The Crown then sought to appeal from the Quebec Queen's Bench to the Judicial Committee of the Privy Council, sitting in London, which at this time was the highest court of appeal for the British Empire. (The Supreme Court of Canada had not yet been created.) The Judicial Committee initially refused leave to appeal, but then granted a special application for leave. On the hearing of the appeal, the accused did not appear, in person nor by counsel. The Committee therefore heard the case ex parte on 11 March 1873. The appellant Crown was represented by Sir John Karslake, Q.C., and H.M. Bompas.

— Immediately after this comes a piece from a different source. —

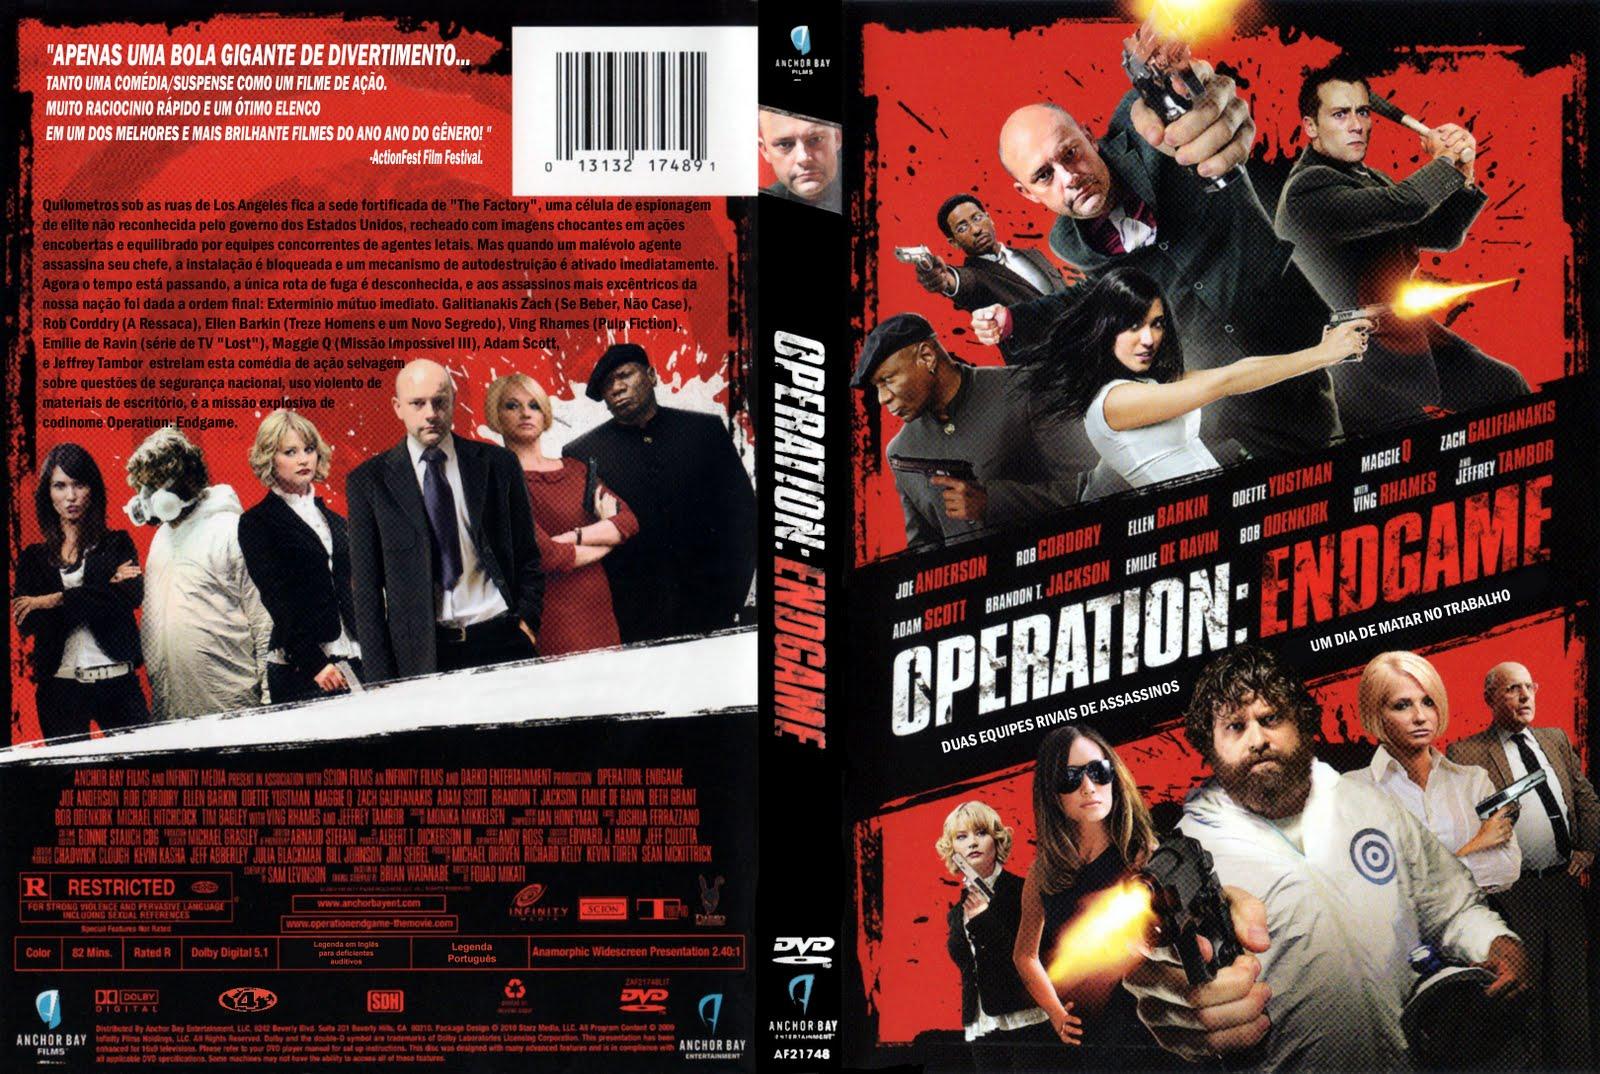 http://4.bp.blogspot.com/_Tgeb_LTYc0o/TGroGzdUx7I/AAAAAAAAAts/dp2nN2tkEDM/s1600/Operation%2BEndgame.jpg

The Judicial Committee gave its decision on 18 March 1873, allowing the Crown appeal. Sir Robert P. Collier gave the decision for the Committee. He briefly disposed of the constitutional issue, referring to the lower court's conclusion that the law was within provincial jurisdiction and stating that the Committee agreed with that ruling. As was the practice of the Judicial Committee at that time, Collier gave the decision for the entire committee, with no reasons from any of the other judges.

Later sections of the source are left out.